Açış Konuşması

5976

TÜRKİYE BAROLAR BİRLİĞİ BAŞKANI
AV. V. AHSEN COŞAR’IN,
TÜRKİYE BAROLAR BİRLİĞİ İNSAN HAKLARI MERKEZİ TARAFINDAN
15 OCAK 2010 TARİHİNDE MARDİN’DE DÜZENLENEN
“İNSAN HAKLARI İZLEME, RAPORLAMA VE ARŞİVLEME PROJESİ”
2. BÖLGE TOPLANTISI’NI AÇIŞ KONUŞMASI

 

Mardin Barosu’nun Değerli Başkanı,

Değerli Baro Başkanları,

Sevgili Meslektaşlarım,

Hepinizi sevgi ve saygı ile selamlıyorum.


Mezopotamya!
Yüzümün bir yanı safran kokulu Deyrulzafaran’dır,
Bir yanı minaresini asma dallarından ördüğüm Ulu Cami.
Gün, ışığını Kasımiye Medresesinin kubbesinden
döker zamanın aralığına gece aydınlığını,
Reyhaniye Camisinin batı cihetini yurt edinmiş Revaklı çarşıdan…
Hamurumu kavimler, etnik gruplar, dinsel cemaatler yoğurmuştur.
Ben, taşın ve inancın şiiriyim
Ben, Mardin’im çünkü…

Refik Durbaş’ın böyle şiirleştirdiği, uygarlıkların ve kültürün buluştuğu,  Kürdün, Türkün, Arab’ın, Süryani’nin, Müslüman’ın, Yezidi’nin birlikte ve kardeşçe yaşadığı kadim Mardin’de ve sizler ile birlikte olmaktan duyduğumuz mutluluğu özellikle bilmenizi ister, geldiğimiz andan itibaren dostluğun, kardeşliğin, meslektaş olmanın en güzel örneğini veren Mardin Barosu’nun değerli başkanı sevgili Azad kardeşim başta olmak üzere, Mardin Barosu’nun değerli üyelerine arkadaşlarım adına, kendi adıma en içten teşekkürlerimi sunarım.
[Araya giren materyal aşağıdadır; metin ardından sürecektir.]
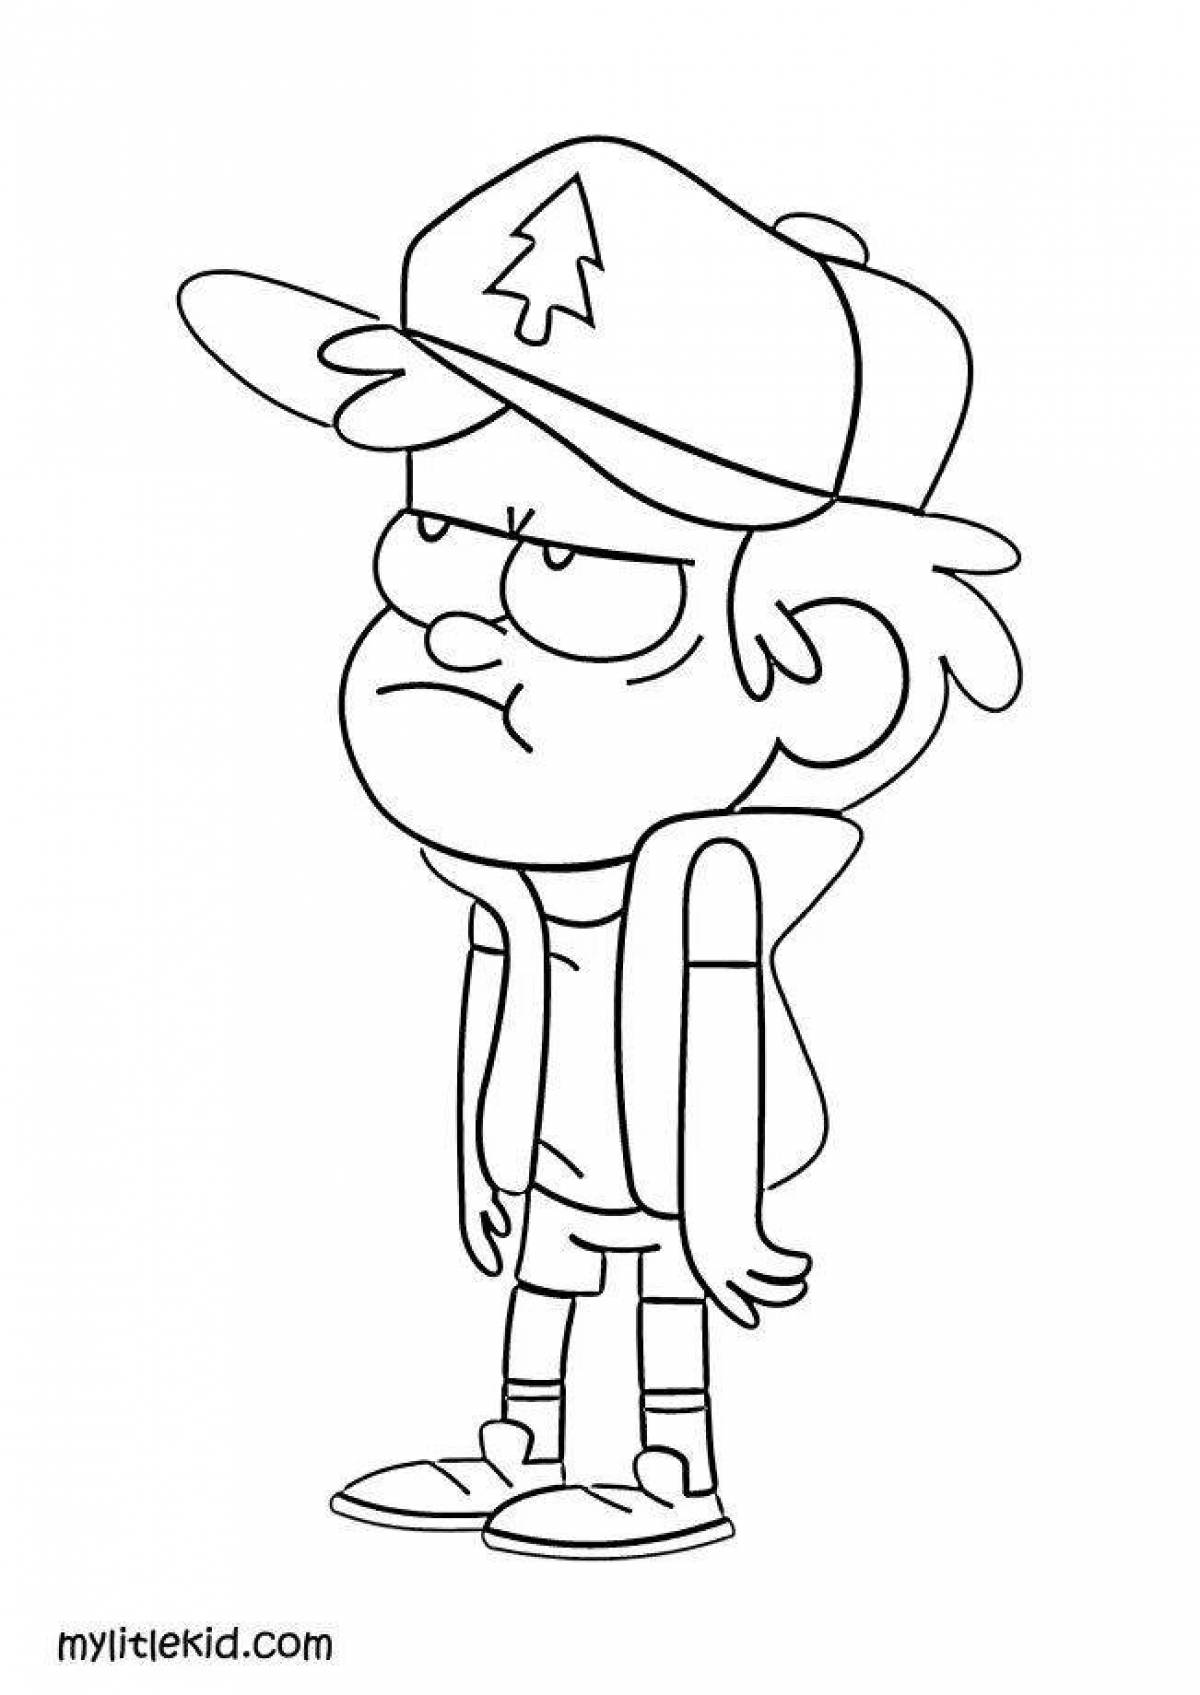 Jovial dipper coloring page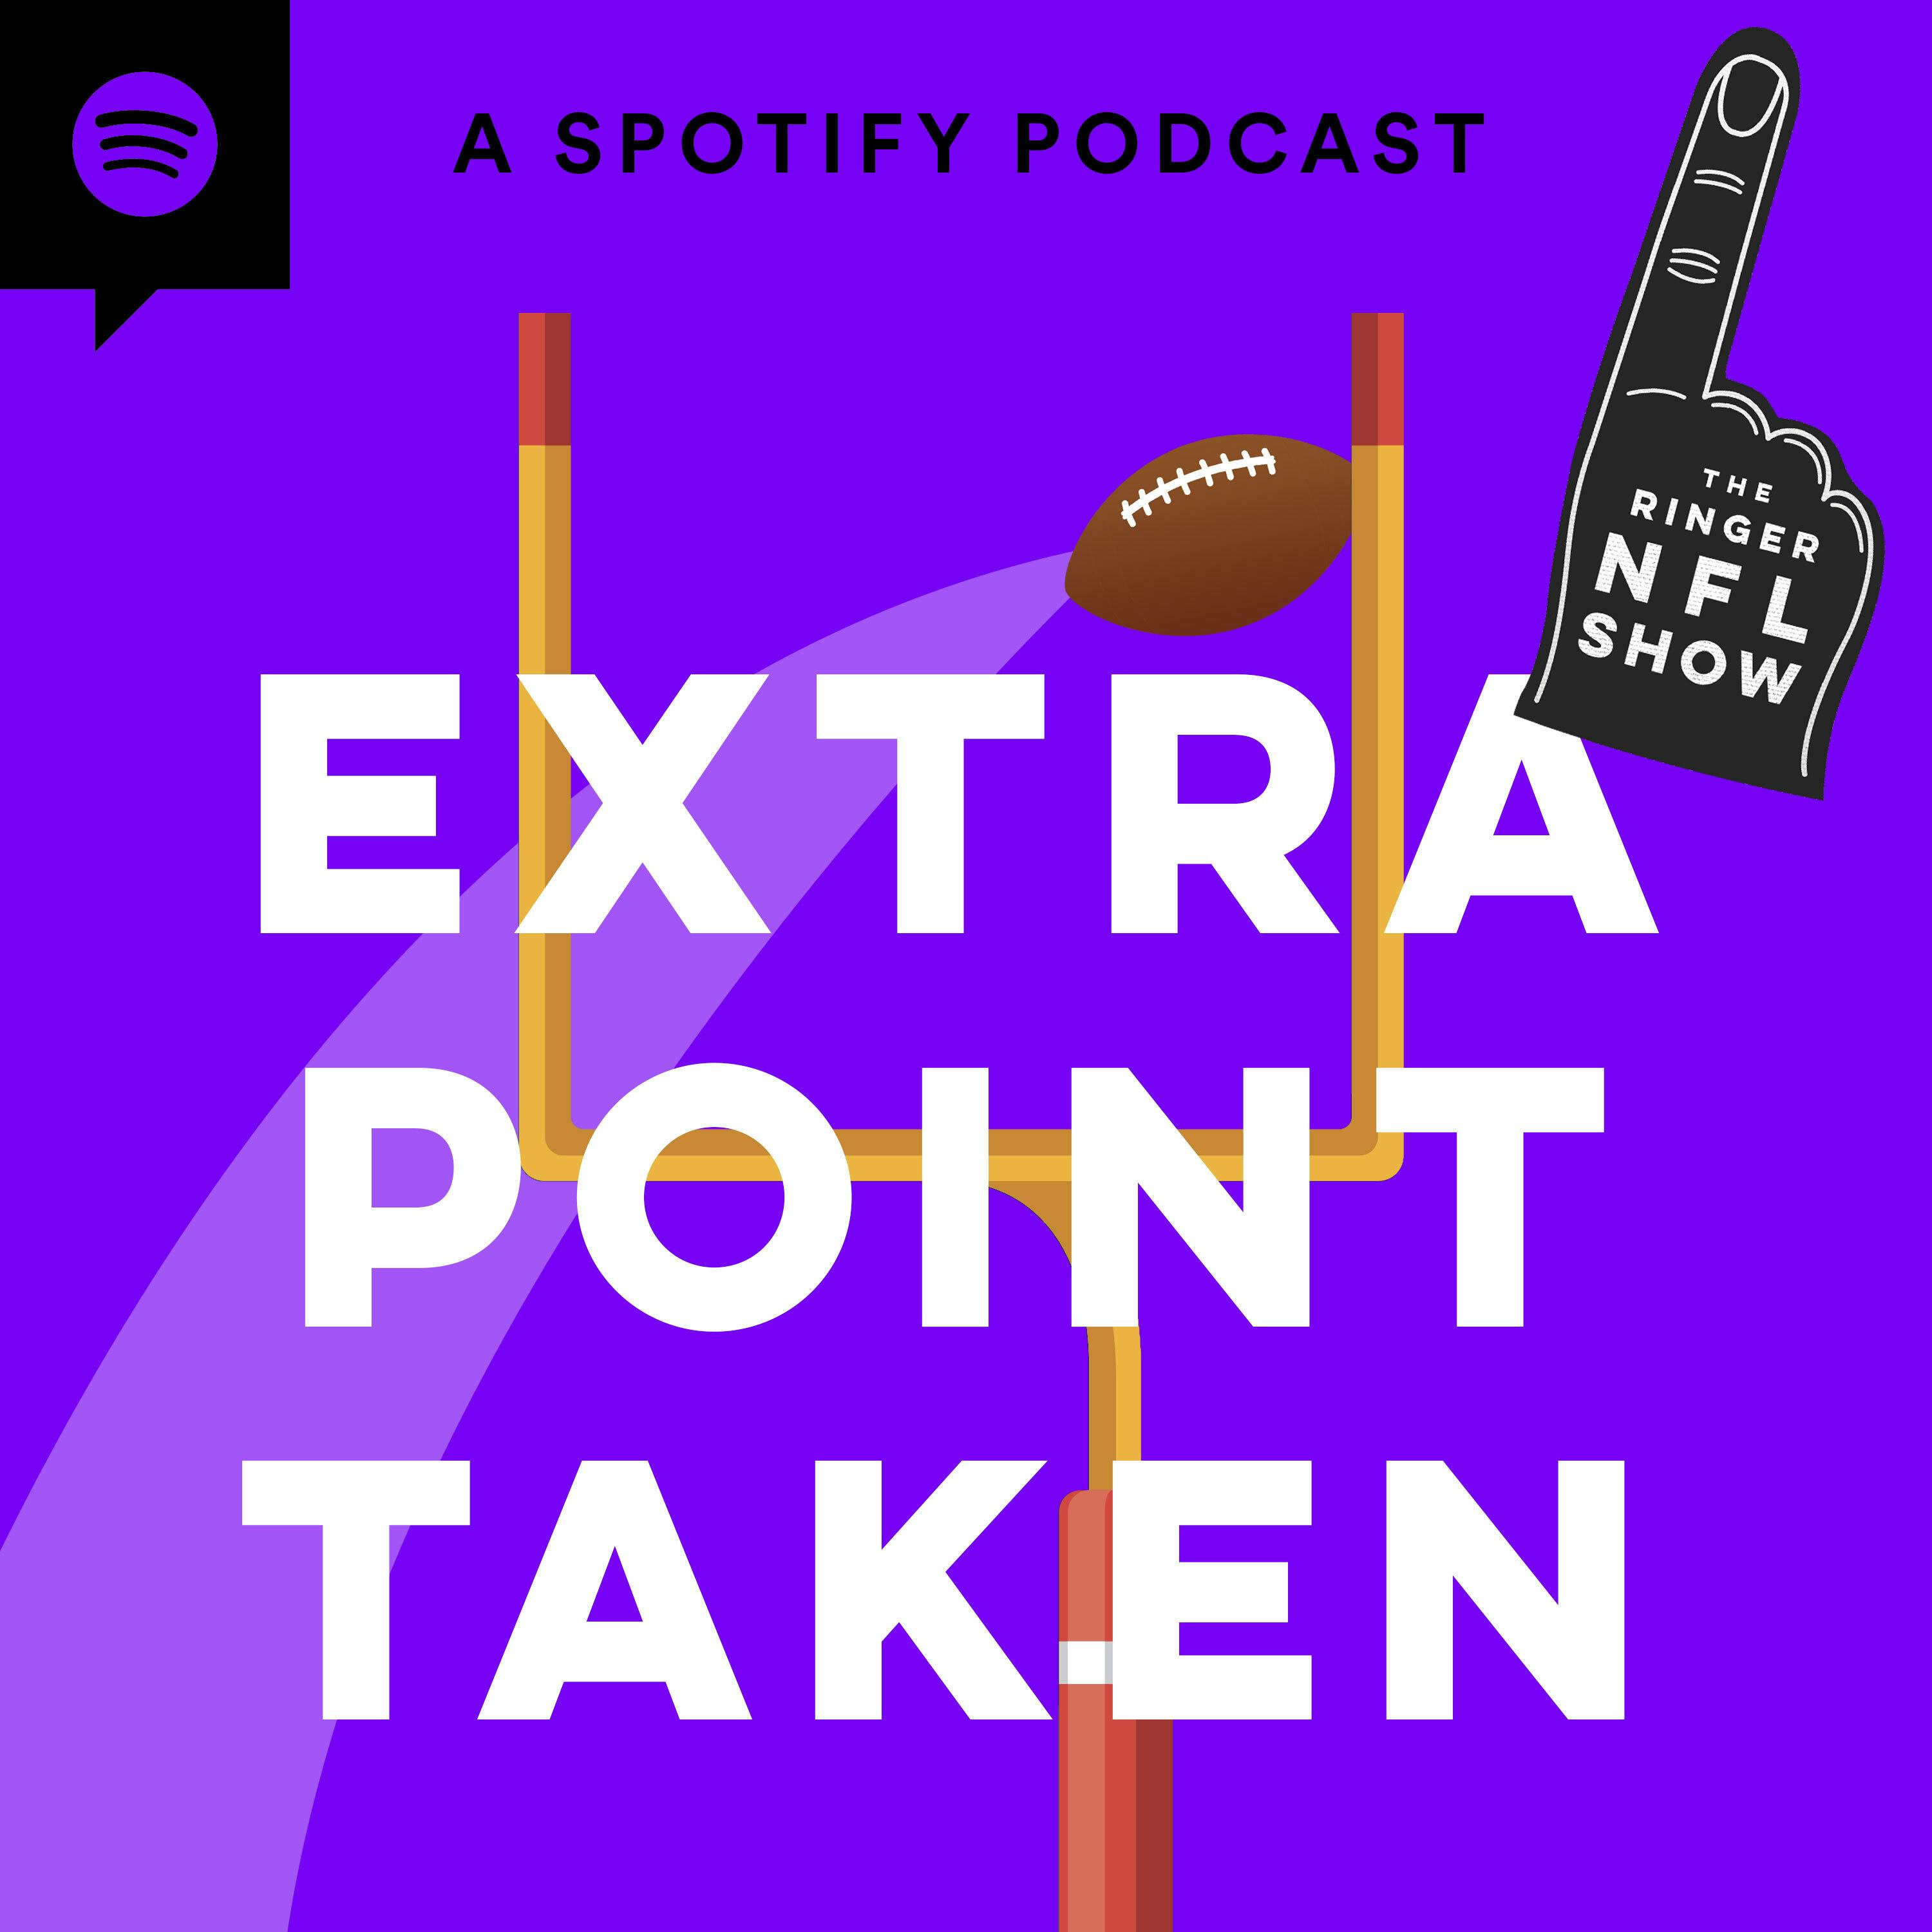 NFL Week 13 Picks, Props, and Predictions! | Extra Point Taken

İHİRAP, yani İnsan Hakları İzleme, Raporlama ve Arşivleme Projesi, öncelikli olarak ülkemizdeki insan hakları ihlallerini izlemeyi, belirlediği ihlalleri raporlamayı, arşivlemeyi, bu suretle insan hakları ihlalleri hakkında bir hafıza oluşturmayı amaçlamaktadır. Projenin ikinci ayağı ise belirlenen ihlallerin ve bu ihlallerden sorumlu olanların üzerine gitmektir.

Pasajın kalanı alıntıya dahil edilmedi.